Soundtrack album by A. R. Rahman
- Released: 29 January 2010
- Recorded: 2009–2010
- Studios: Panchathan Record Inn and AM Studios, Chennai
- Genre: Feature film soundtrack
- Length: 35:03
- Languages: Telugu Malayalam English
- Label: Sony Music
- Producer: A. R. Rahman

A. R. Rahman chronology
| Vinnaithaandi Varuvaayaa (2010) | Ye Maaya Chesave (2010) | Raavan (2011) |

= Ye Maaya Chesave (soundtrack) =

Ye Maaya Chesave is the soundtrack album of the 2010 Telugu romantic drama film of the same name, directed by Gautham Vasudev Menon. The original score and songs were composed by A. R. Rahman; lyrics are penned by Anantha Sreeram, along with Kalyani Menon and Kaithapram, the latter penning the Malayalam lyrics in the album. This is the sixth time that A. R. Rahman composed music for a direct Telugu film and the fourth time that he composed the entire soundtrack for a Telugu film. This also marked Rahman's comeback into Telugu cinema after six years.

The album was released on 29 January 2010 through Sony Music. The same tunes of the Tamil version (Vinnaithaandi Varuvaayaa) were retained in the Telugu version and the Hindi remake (Ekk Deewana Tha) of the film. The album was met with many extremely positive responses and received high critical acclaim. The album was ranked among the best musicals of 2010 and 2011 in Asia and was also the most successful soundtrack album in India, mainly Andhra Pradesh. Ye Maaya Chesave is one of Rahman's most successful soundtracks and is his most successful Telugu album; with it, he won his first Filmfare Award in Telugu. The melodious background score also received overwhelming positive critical reception. The soundtrack album and background score were also nominated for various other awards.

== Album information ==
The first song in the album is "Kundanapu Bomma", sung by Benny Dayal and Kalyani Menon, that features Naga Chaitanya and Samantha Ruth Prabhu. It replaced Omana Penne from the movie "Vinnaithaandi Varuvaaya. It is placed when the duo travel to Kerala and the male character dreams about romance. This song was highly praised by critics, and it marks Benny Dayal's first original song in Telugu.

The second song in the album, entitled, "Manasaa", is sung by Chinmayi and Devan Ekambaram. The song was picturised in New York City. it The third song is "Vintunnava", sung by Shreya Ghoshal and Karthik; it was pictured in Hyderabad. This song was also highly praised by critics and received extremely positive responses. "Vintunnava" was ranked No. 1 in the top five Telugu songs of 2010. Shreya Ghoshal's rendering of the song was highly appreciated.

The fourth song in the album is "Ee Hrudayam" and is sung by Vijay Prakash, Suzanne D'Mello and Blaaze, which already made huge waves before the official audio release, and was regarded as the highlight of the album by many reviewers. This song was ranked No. 3 in the top five Telugu songs of 2010. The song is widely regarded as the biggest Telugu song in Vijay Prakash's singing career. As a result, Vijay Prakash was nominated for Best Male Playback category in the Filmfare awards, but lost to Ramesh Vinayagam and N. C. Karunya.

The fifth song is titled "Swaasye". The voice was also rendered by Karthik. This song also received positive reviews from critics. It was used as a background track in the film. The sixth song is named "Aakaasam", a peppy number sung by Naresh Iyer.
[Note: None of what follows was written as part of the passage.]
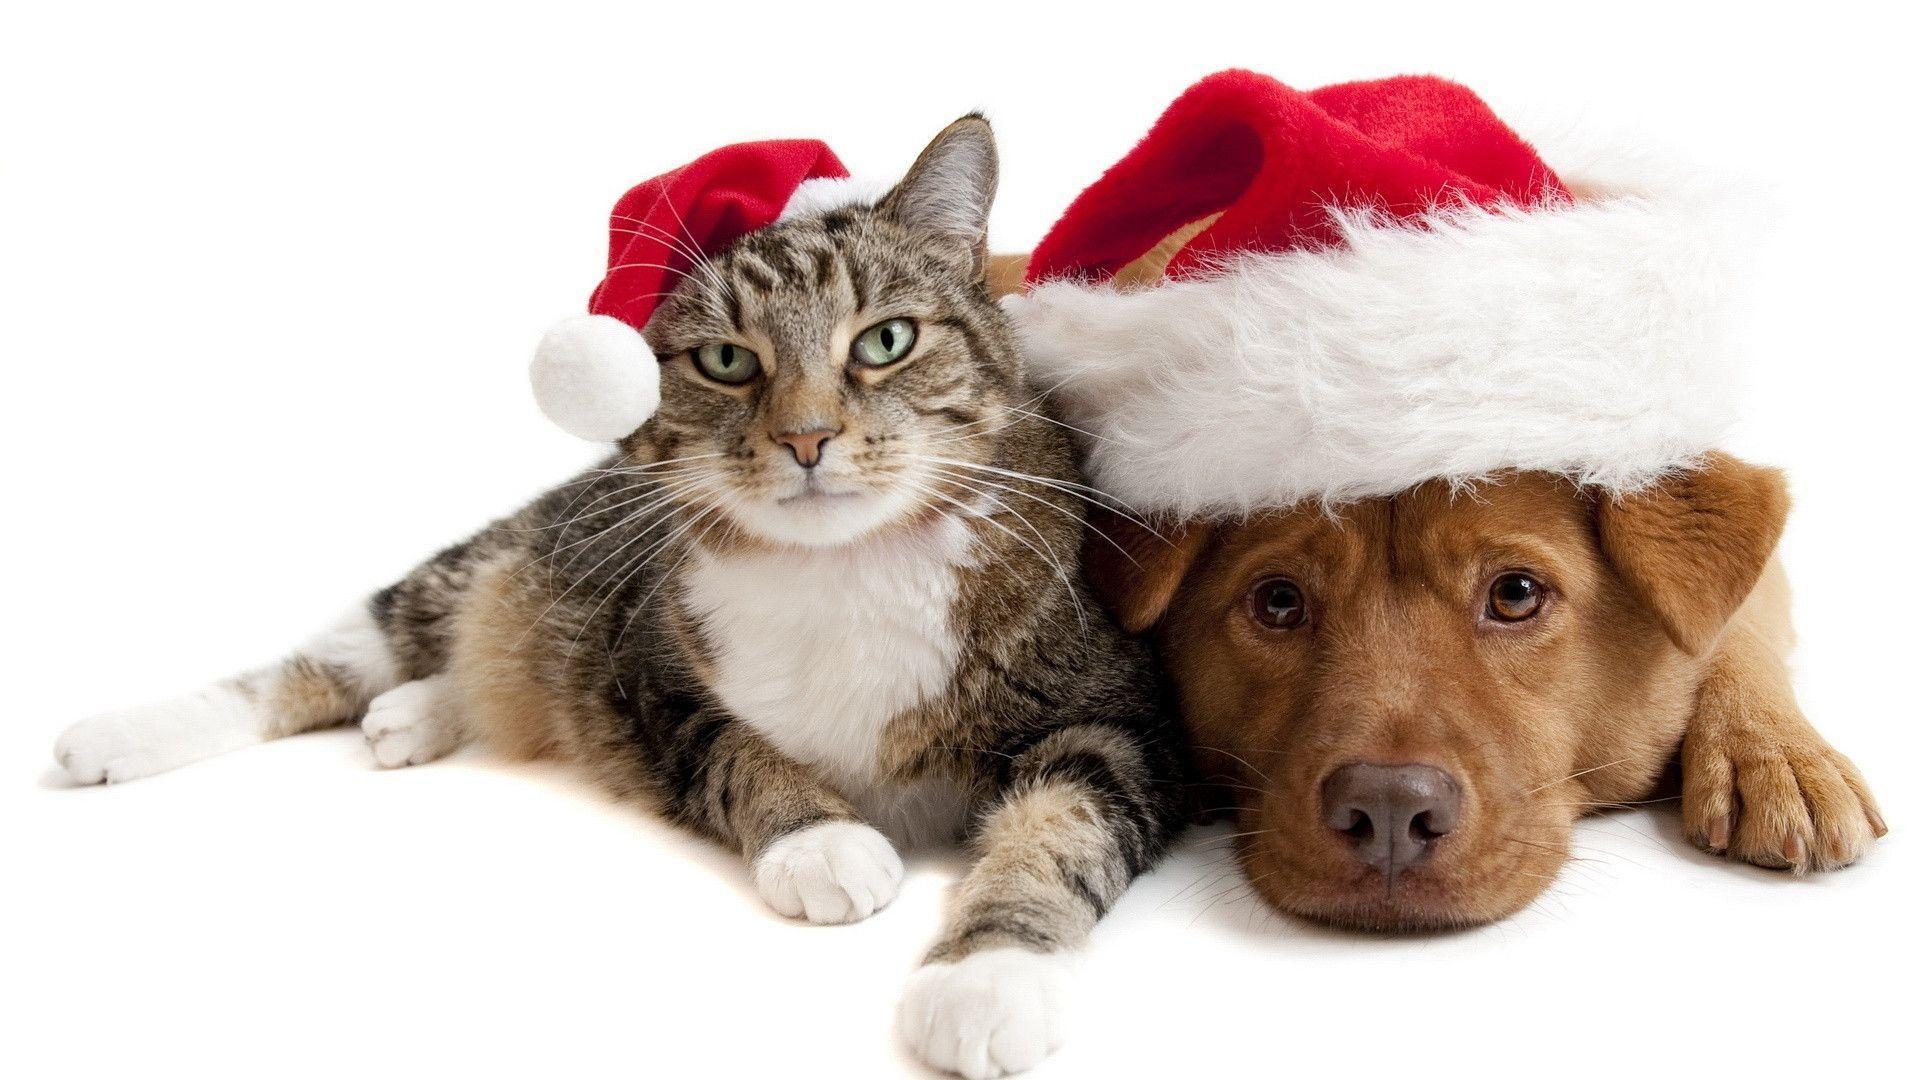 Cute Kittens and Dogs Christmas HD Wallpaper For Desktop

The final song in the album is entitled, "Aaromale", and is sung by the Malayalam music director Alphons Joseph. Gautham Menon worked with Rahman again in his next project Ekk Deewana Tha (remake of Ye Maaya Chesave), after the success of the soundtrack.

Professional ratings
Review scores
| Source | Rating |
| Raaga | Star Half star |
| IndiaGlitz | Star |
| Dhingana | Star |
| MusicAloud | Star Half star |

== Other versions ==

===Tamil version===

The same soundtrack was also used in the Tamil version of the film, Vinnaithaandi Varuvaaya, which was simultaneously made and released with the Telugu version. However, The Tamil version of the soundtrack was released at first on 25 December 2009 in London, and 6 January 2010 in Chennai. It also had the same set of vocalists except for Karthik, who was replaced by A. R. Rahman for the Tamil version of "Vintunnaava" which was titled Mannipaaya. The lyrics were penned by Menon's usual associate, Thamarai. The Tamil version of the album garnered mostly positive reviews.

===Hindi version===

The same soundtrack has been used for the Hindi remake, titled Ekk Deewana Tha which is also directed by Gautham Menon. The soundtrack was released on 21 December 2011. The Hindi version received generally positive reviews and was appreciated as well.

==Track listing==
The track list was revealed on 20 January 2010 on A. R. Rahman's official website.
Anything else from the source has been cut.